Od 14 marca trwały systematyczne bombardowania oraz ostrzeliwanie przez Rosjan Gdańska i okolic. Rozkazem dowódcy II FB atakowano bez przerwy operacyjnej. Od zachodu otoczyła Gdańsk 70. armia gen. W. Popowa, 49. armia gen. S. Griszyna, 19. armia gen. A. Romanowskiego, 3. korpus kawaleryjsko-pancerny gen. M. Oślikowskiego. Od południowego-zachodu oskrzydliła miasto 65. armia gen. Pawła Batowa, 2. armia gen. I. Fiediunińskiego, 1. korpus pancerny gen. Aleksieja Panfiłowa, artyleria frontowa, 4. armia lotnicza gen. Konstantina Wierszynina. 12 marca dowództwo nad 2. armią niemiecką, którą przekazano do grupy Armii Północ, objął gen. Dietrich von Saucken. W rozbiciu niemieckiej obrony, obok lotnictwa radzieckiego, dużą rolę odegrały alianckie siły powietrzne. 14 marca nalot radziecki całkowicie zburzył zabudowę rejonu obecnej ul. Ogarnej, Słodowników, Zbytki i Starego Przedmieścia, zabudowania Spichlerzy, pożary objęły zabudowania przy obecnej ul. Szopy, Długim Targu, Długich Ogrodach, Szerokiej oraz św. Ducha i Wałowej. Nalot samolotów radzieckich i amerykańskich w nocy 18/19 marca uszkodził znaczną część Starówki. Naloty radziecko-amerykańskie 20 oraz 23–25 marca spowodowały pożary na całym obszarze Gdańska.
28 marca 1945 roku oddziały radzieckie dotarły do Motławy, a na ruinach Dworu Artusa zawieszono biało-czerwoną flagę. Dzień później ostatnie oddziały niemieckiej 4. Dywizji Pancernej wycofały się z rejonu Wisłoujście – Westerplatte poprzez Stogi na Wyspę Sobieszewską.
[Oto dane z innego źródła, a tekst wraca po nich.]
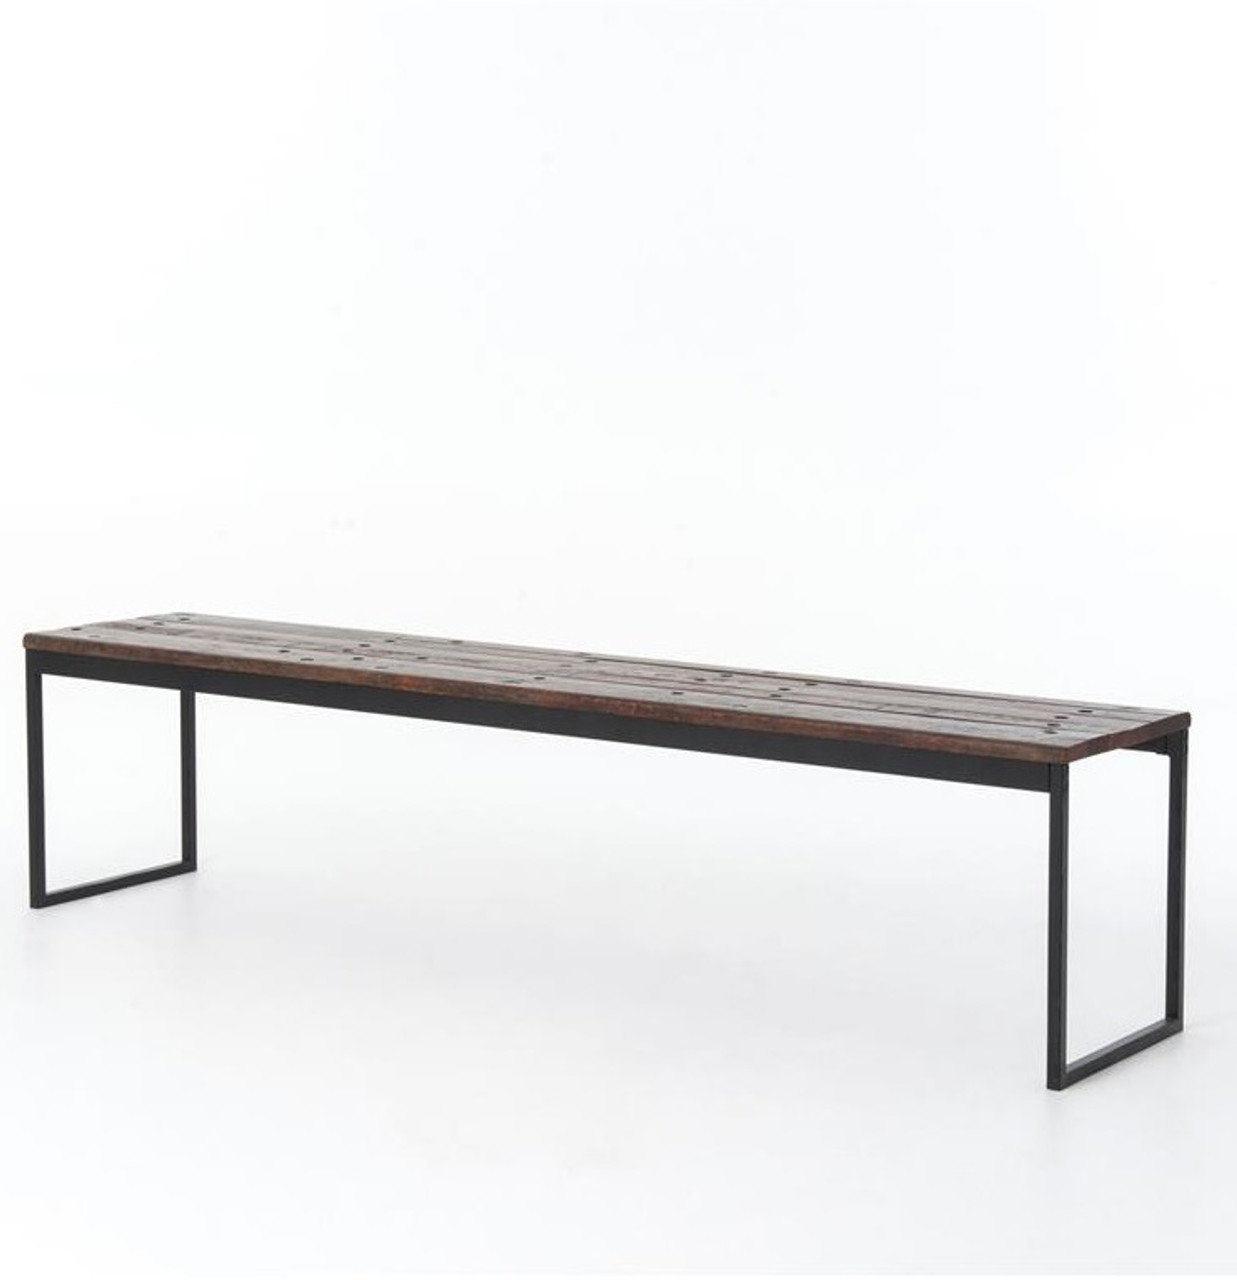 Vincent Industrial Bench

Na terenie Wyspy Sobieszewskiej okopały się w desperackiej obronie w ostatnich miesiącach wojny po zajęciu portu gdańskiego przez Armię Czerwoną, także resztki 2 Armii generała Weissa. Kilkadziesiąt tysięcy żołnierzy i uchodźców z Prus Wschodnich i Pomorza koczowało, od marca do maja 1945 roku, oczekując pod ostrzałem na nieuchronną kapitulację. Do dnia dzisiejszego widać w lasach ślady po tym dramacie w postaci licznych pozostałości po ziemiankach, okopach i przypadkowo znajdowanym wyposażeniu wojskowym i amunicji.
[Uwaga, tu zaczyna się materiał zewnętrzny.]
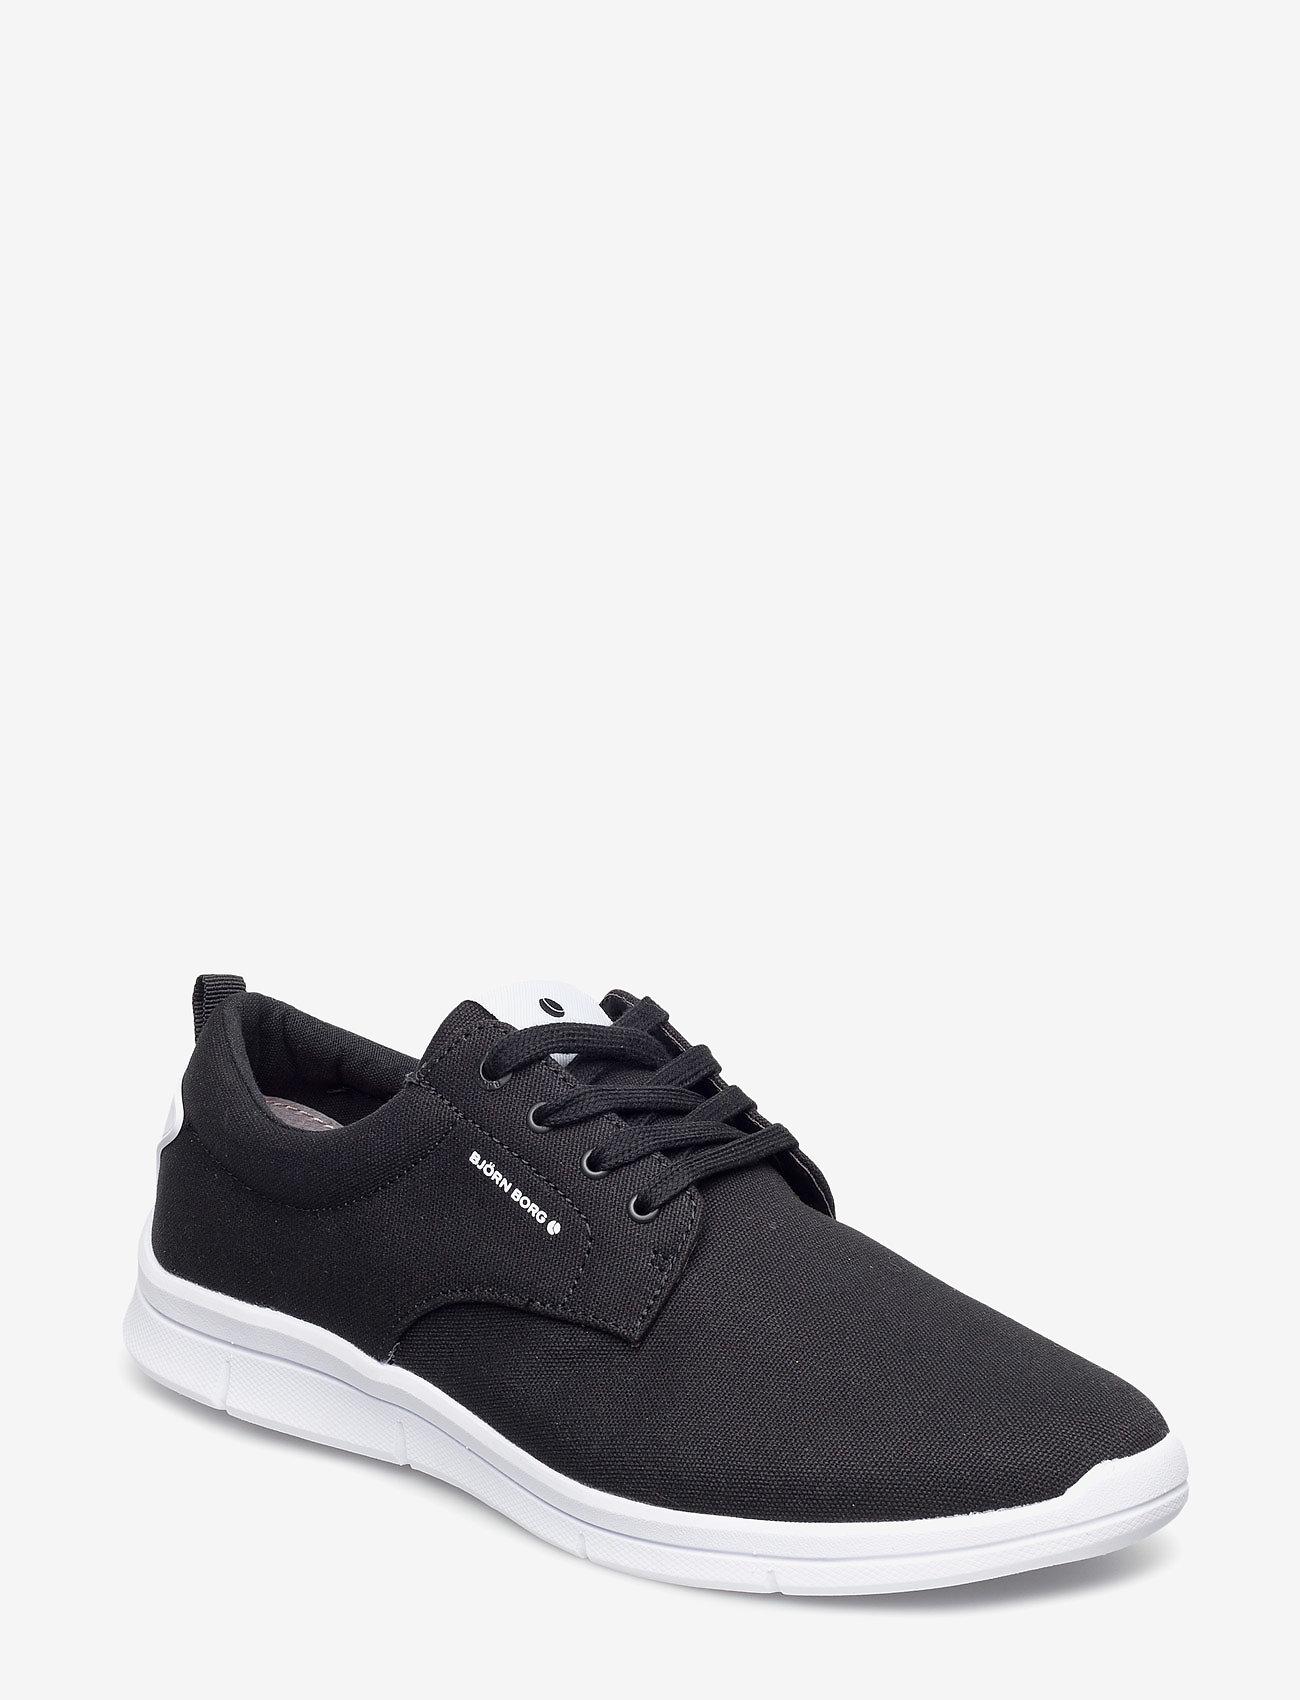 Björn Borg - X200 Low Cvs M - laag sneakers - black - 0

Ludzie ci byli stopniowo ewakuowani z plaż przez niemieckie statki, jednak ze względu na ograniczoną ilość miejsc na pokładach, swoje dobytki przeważnie zakopywali w okolicznych lasach, licząc na to, że kiedyś będą mieli możliwość ich odzyskania. Wyspa Sobieszewska była ostatnim broniącym się bastionem niemieckim na Pomorzu Gdańskim.
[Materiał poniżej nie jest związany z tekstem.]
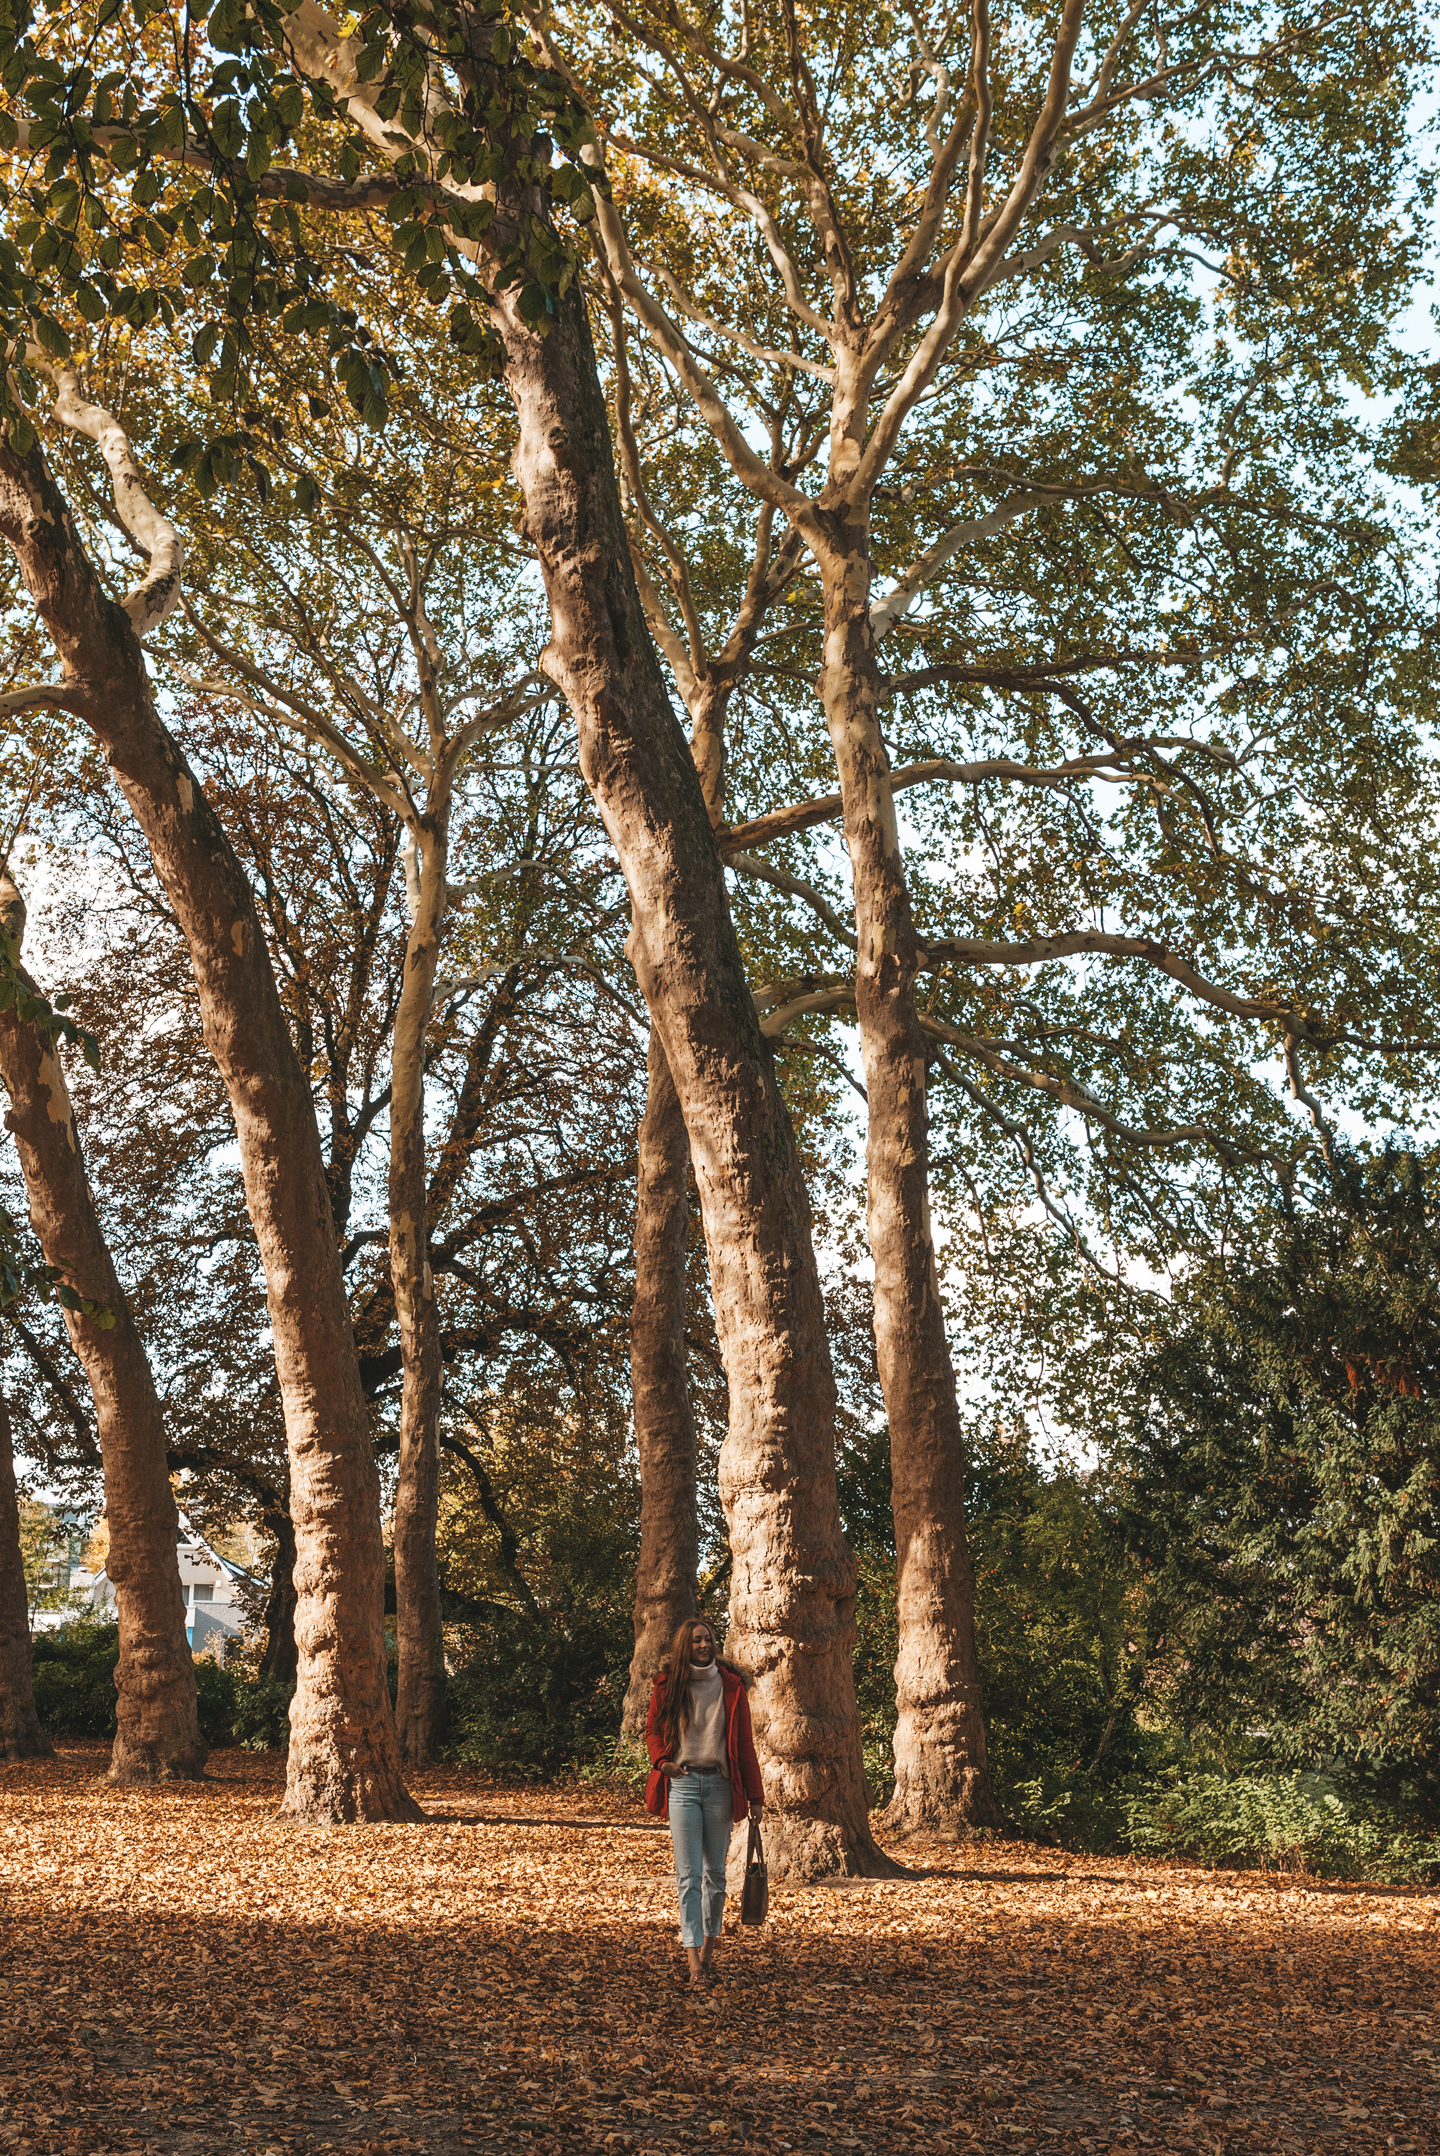 Style Italy winterjas dubbelsteynpark herfst Dordrecht

Te nadmorskie lasy skrywają także mało znaną przez mieszkańców Pomorza tajemnicę. W ich zaciszu z dala od zabudowy miejskiej zapadały najbardziej zbrodnicze rozkazy w historii Ziemi Gdańskiej. To właśnie tu w prawie nietkniętym zębem czasu i wojny modrzewiowym dworku myśliwskim rezydował hitlerowski „Kat Pomorza” – gauleiter i SS – obergruppenführer Albert Forster.
Działkę pod budowę tzw.dworu myśliwskiego w Wordell (Orliki) k/Sobieszewa przekazał zimą 1932 jeden z urzędników Senatu WMG – członek NSDAP. Budowę budynków rezydencji rozpoczęto wiosną 1933 roku. Pewne wskazówki w postaci projektu plastycznego stylizowanych swastyk wyrzeźbionych następnie na belkach stropowych sali kominkowej wniósł osobiście Adolf Hitler na prośbę swojego ulubionego gaulaitera.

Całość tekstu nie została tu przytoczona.